Fireworks are a way to create color and light wonders, but studies have shown that these dazzling performances can pose health risks, according tomedia reports. A series of harmful toxins remain in the air once the bright light from fireworks goes out, a study said is said to be the first to study the effects of fireworks on human cells and animals.
The study was carried out by scientists at NYU Langone Medical Center, who looked at 14 years of air quality samples collected from across the United States. Through their analysis, the team found that toxic metals were particularly concentrated on Independence Day and New Year’s Eve in the United States.
When the metal contained in the fireworks is affected by high temperatures, the fireworks emit an amazing color, usually including lead, titanium, vanadium and copper. After learning that the material would remain in the air after the fireworks display, the team designed experiments to explore the potential effects of these substances on humans and animals.
Terry Gordon, senior author of the study, said: “Although people are exposed to these substances for a short period of time each year, they are much more toxic than the pollutants we breathe every day. “
In the lab, scientists detonated some of the fireworks that are very common in the United States. They then captured the particles released by the explosions and exposed them to the environment in which human lung cells and dozens of mice were located. The results showed that the dose was estimated to be equivalent to a pollutant inhaled by a New Yorker during a day in Manhattan.

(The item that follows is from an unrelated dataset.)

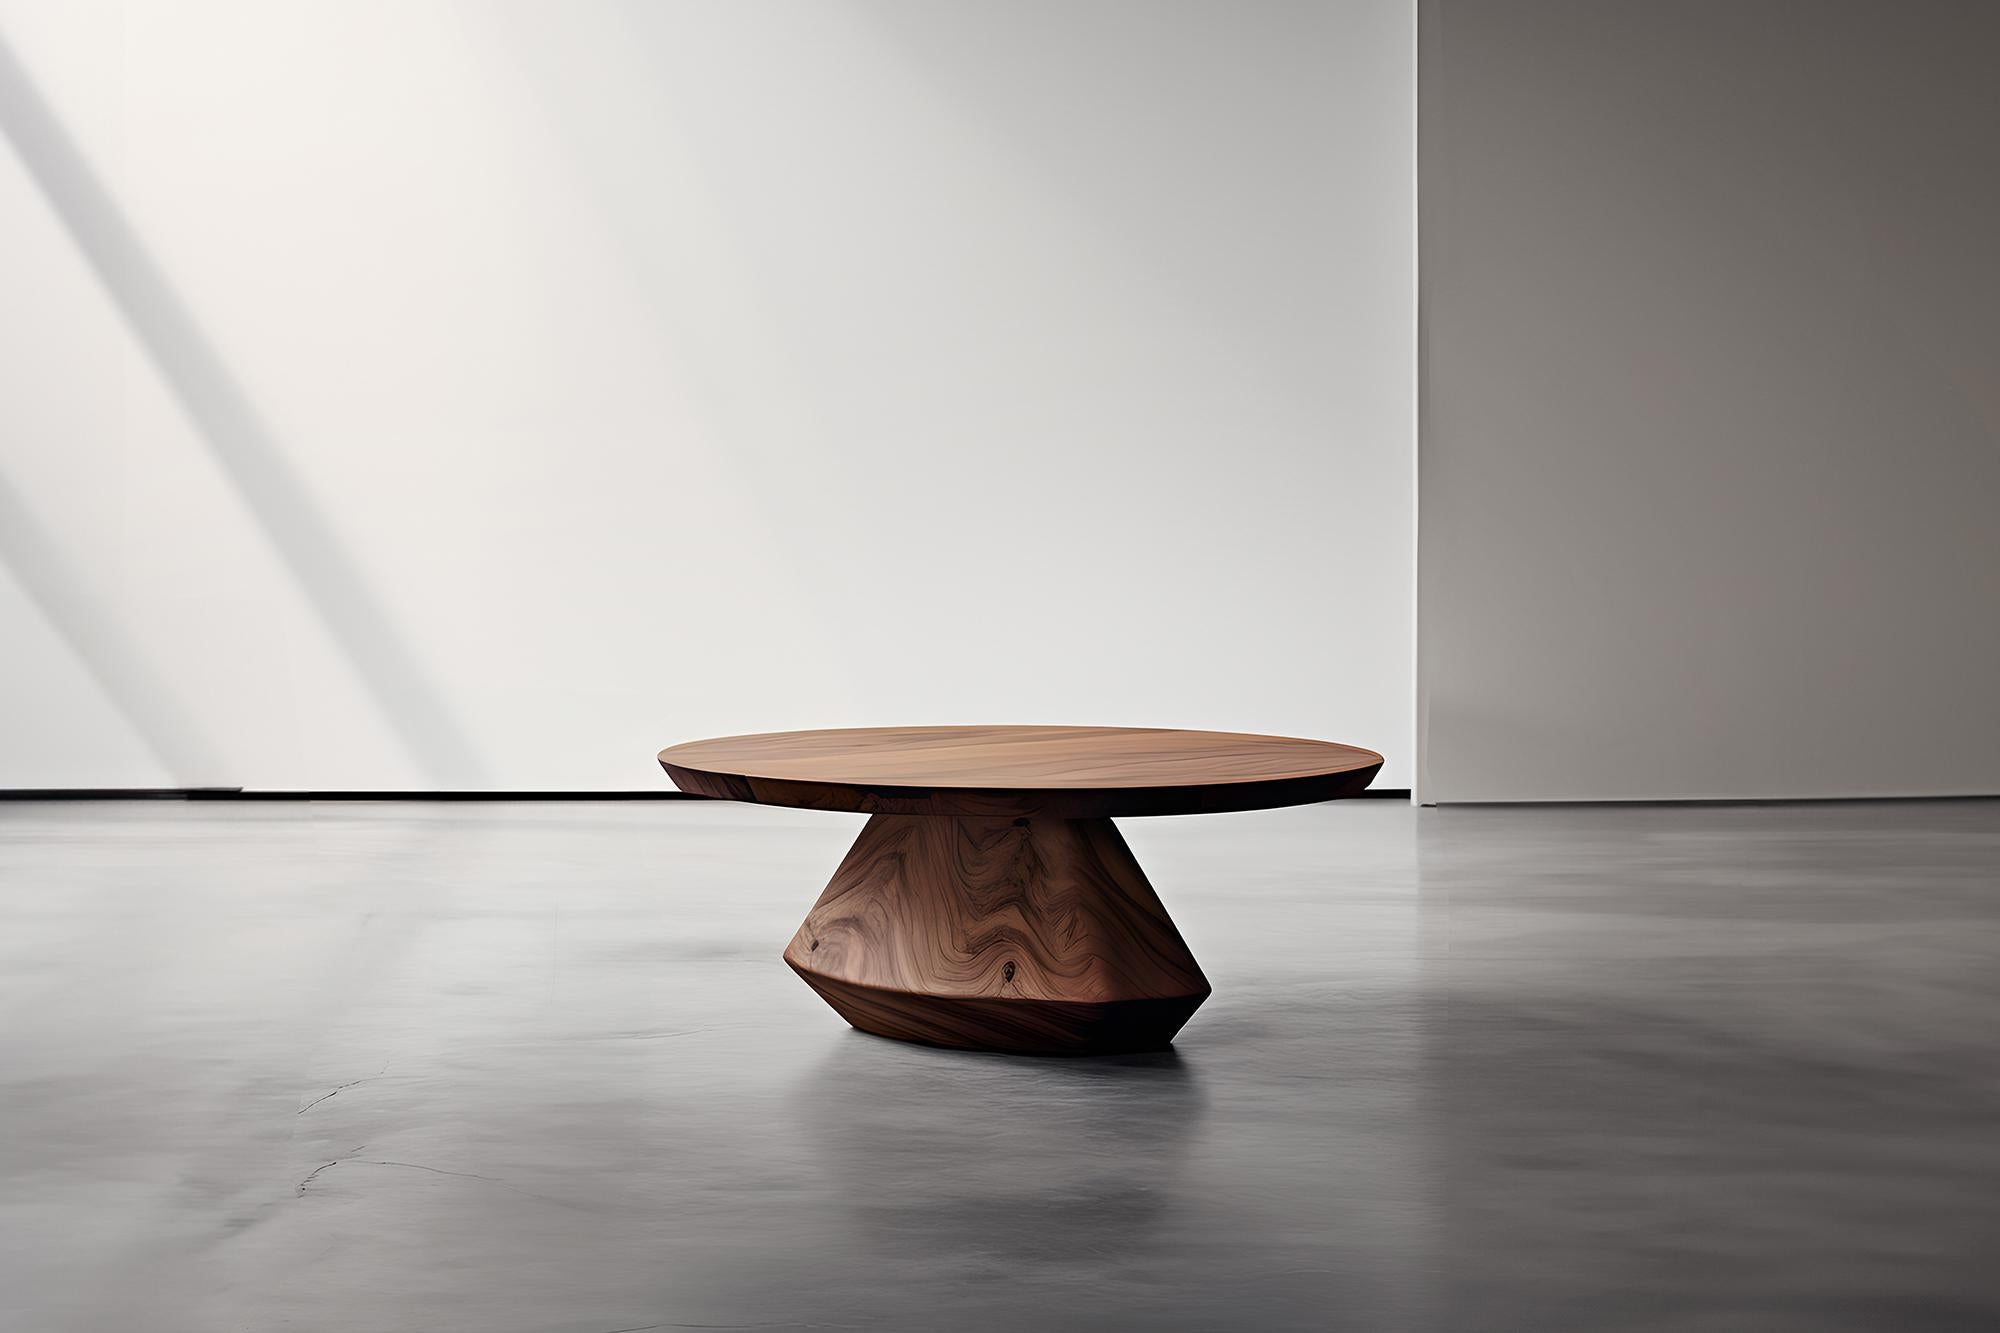 Sculptural Coffee Table Made of Solid Wood, Center Table Solace S34 by Joel Escalona


The Solace table series, designed by Joel Escalona, is a furniture collection that exudes balance and presence, thanks to its sensuous, dense, and irregular

In the process, the team observed a significant increase in oxidation, a normal healthy process in the body, but damage to cells and DNA when its activity increases. This was associated with inflammation of the lungs of mice, and Back Cuckoo fireworks were found to be the most harmful, causing 10 times as much damage to human cells as the non-toxic physiological saline control group.
“While many people are being careful to protect themselves from explosions, our findings suggest that inhaling fireworks smoke can cause long-term damage – a risk that is largely ignored,” Gordon said. “
Scientists believe they are still in the early stages of their research, and then plan to explore the effects of repeated exposure to fireworks, rather than one alone. They plan to share their findings with public health officials to raise awareness of the risks of fireworks.